Pengaruh Model Pembelajaran Logan Avenue Problem Solving (LAPS)-Heuristik pada pencapaian Kemampuan Pemecahan Masalah Matematis Berdasarkan Self-Efficacy Siswa

  • H. R. Fatmasari Program Pascasarjana, Universitas Negeri Semarang, Semarang, Indonesia
  • S. B. Waluya Dosen Pascasarjana, Universitas Negeri Semarang, Semarang, Indonesia
  • Sugianto Sugianto Dosen Pascasarjana Universitas Negeri Semarang, Semarang, Indonesia
Keywords: Kemampuan Pemecahan Masalah, Self-Efficacy, LAPS-Heuristik.

Abstract

Kemampuan pemecahan masalah merupakan salah satu kemampuan matematis yang harus dikuasai oleh siswa.
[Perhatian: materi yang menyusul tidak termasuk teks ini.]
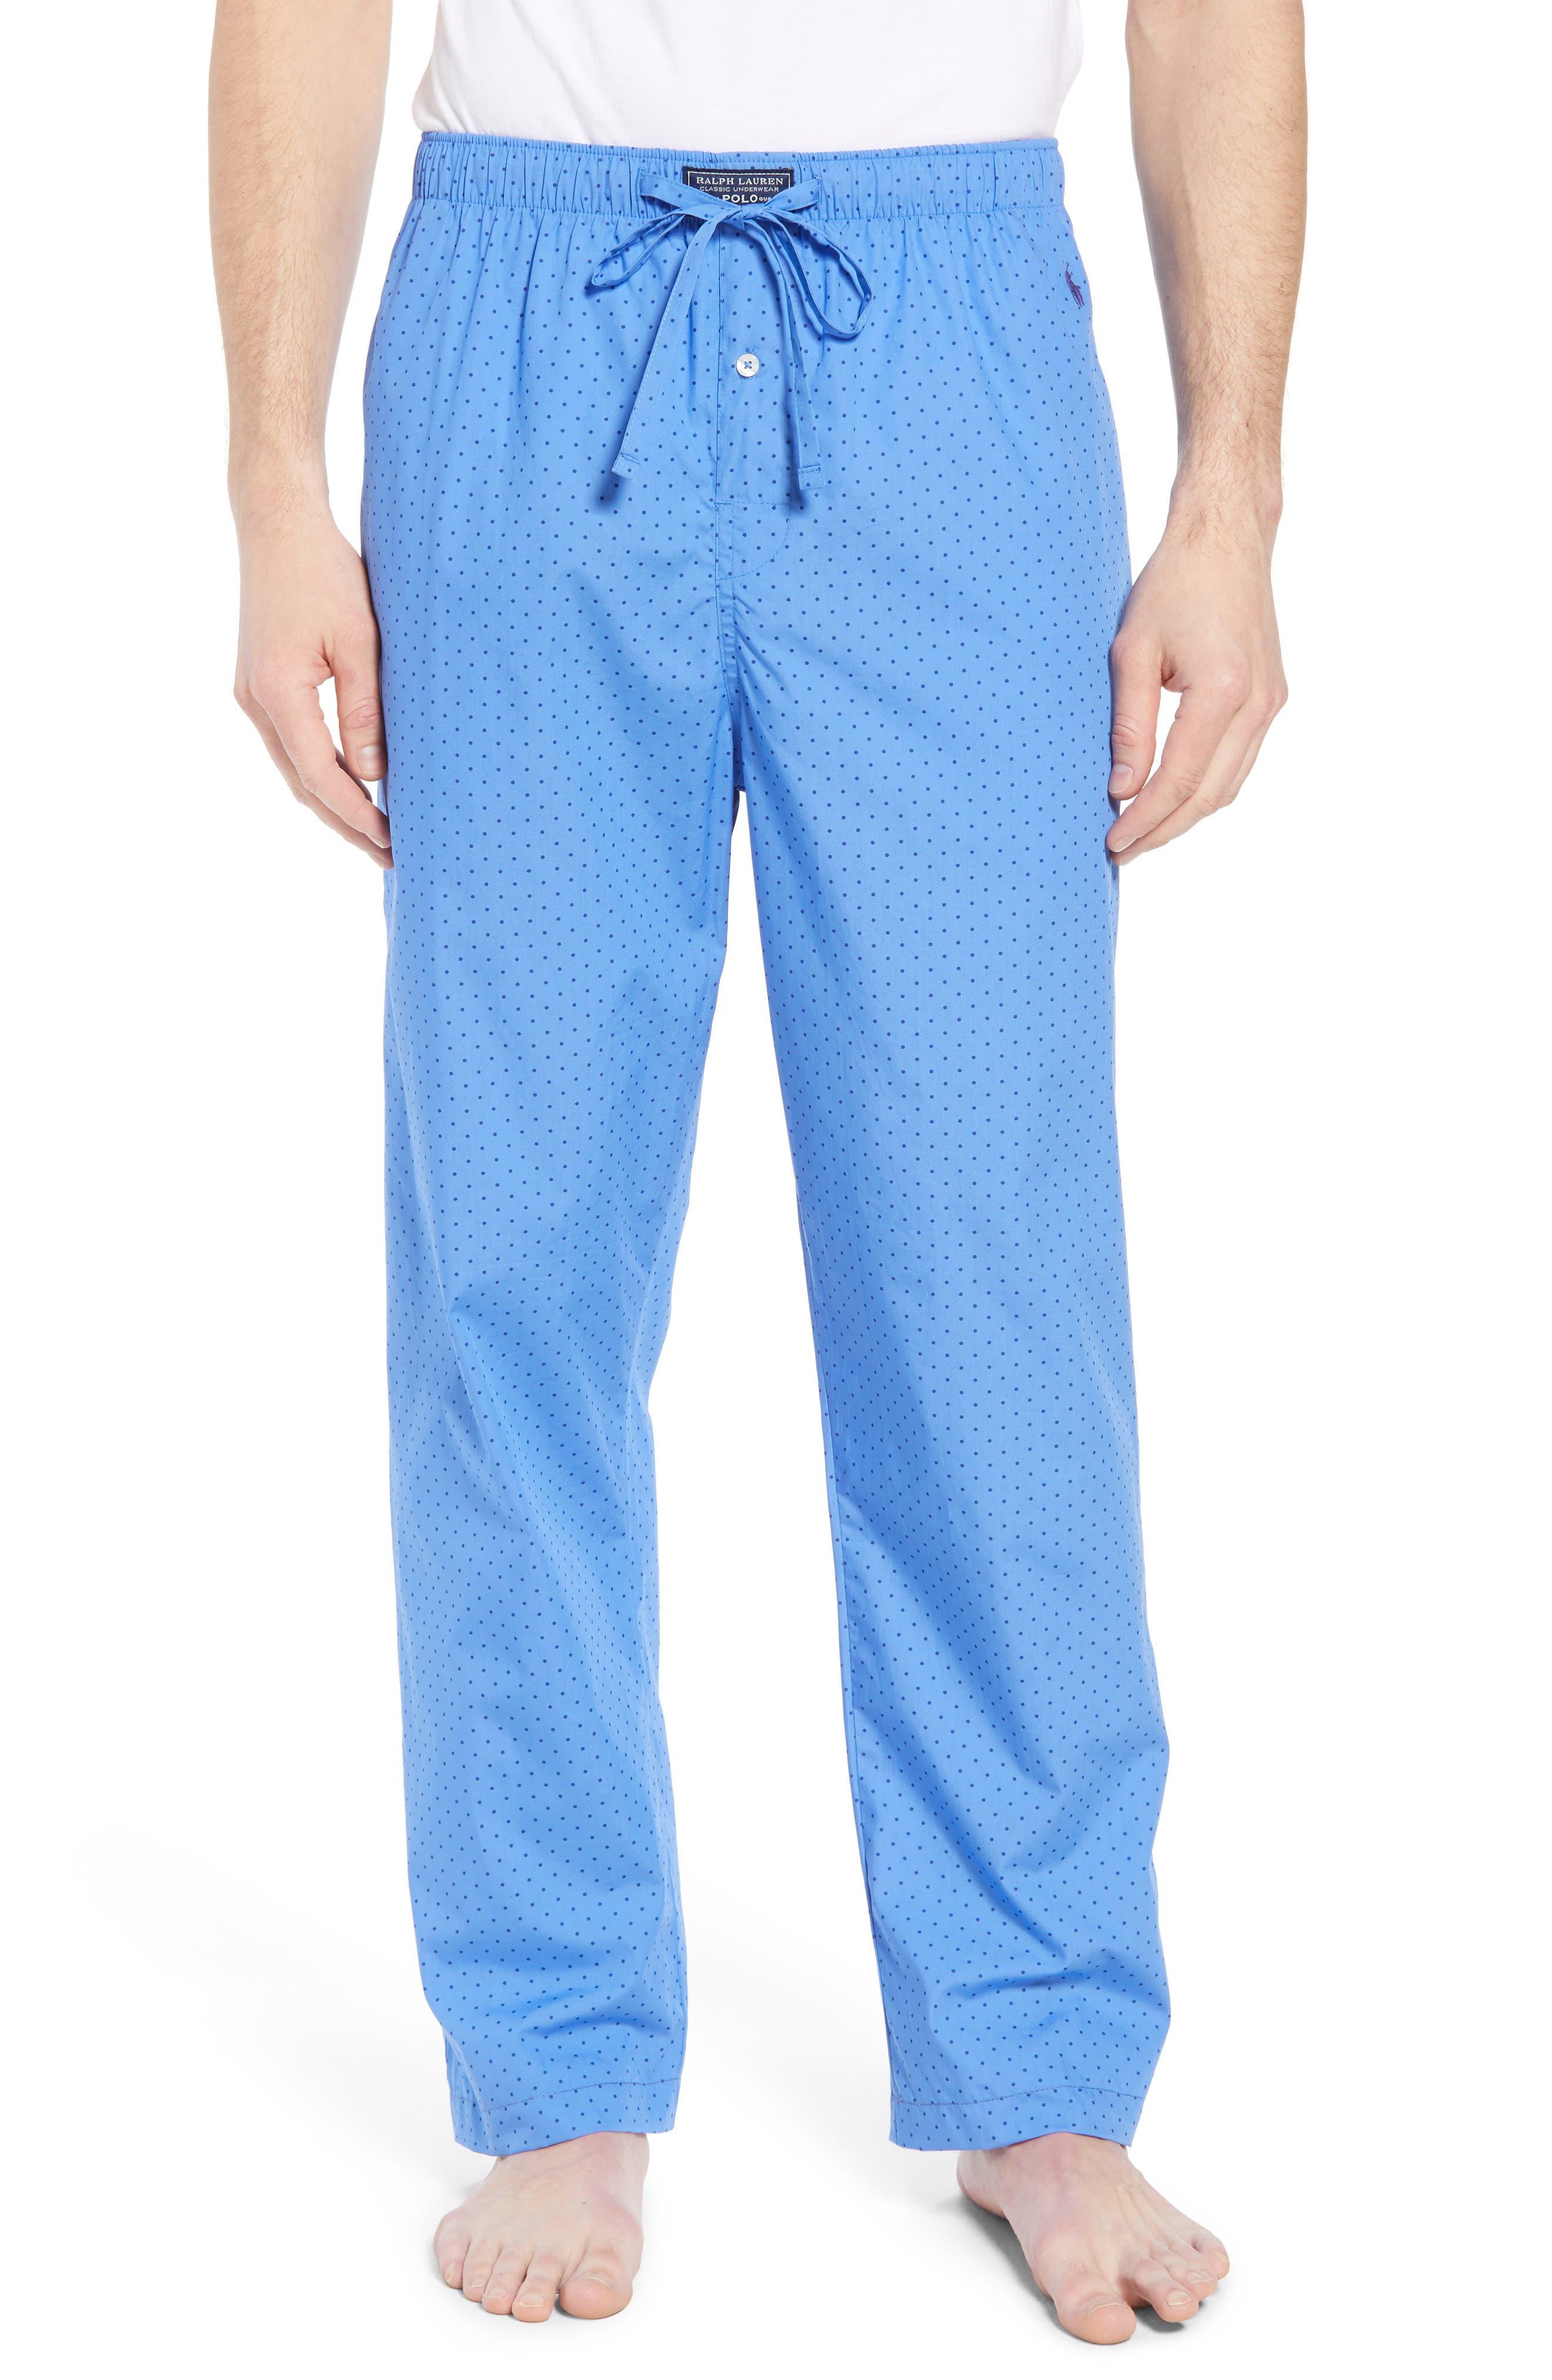 Dot Cotton Pajama Pants,                             Main thumbnail 1, color,                             451

Hasil studi PISA 2015, Indonesia menduduki peringkat 62 dari 70 negara dalam bidang matematika dengan skor dibawah rata-rata OECD. Soal-soal yang termuat dalam PISA merupakan soal pemecahan masalah, sehingga hasil studi ini menunjukkan kemampuan pemecahan masalah siswa masih rendah. Pemilihan model pembelajaran harus dilakukan secara tepat dalam rangka mengembangkan kemampuan pemecahan masalah matematis siswa. Salah satu model pembelajaran yang sesuai dan relevan dengan siswa adalah LAPS-Heuristik. LAPS-Heuristik merupakan model pembelajaran yang menunutun siswa dalam pemecahan masalah. Pembelajaran dengan menggunakan model LAPS-Heuristik memberikan kemudahan bagi siswa dalam menyelesaikan suatu permasalahan, sehingga kemampuan pemecahan masalah siswa bisa lebih baik. Siswa memiliki sikap dan kemampuan yang beragam ketika dihadapkan pada soal pemecahan masalah. Hal ini berkaitan dengan sikap keyakinan diri (self-efficacy). Selfefficacy merupakan keyakinan yang harus dimiliki siswa dan harus diperhatikan dalam kurikulum 2013 sehingga siswa lebih percaya diri dalam menyelesaikan masalah atau soal-soal matematika. Oleh karena itu, uraian kajian artikel konseptual ini bertujuan untuk mendeskripsikan pengaruh model pembelajaran LAPS-Heuristik pada pencapaian kemampuan pemecahan masalah matematis berdasarkan self-efficacy siswa. Berdasarkan uraian di atas,
maka model pembelajaran LAPS-Heuristik memiliki pengaruh positif terhadap pencapaian kemampuan pemecahan masalah matematis berdasarkan self-efficacy siswa.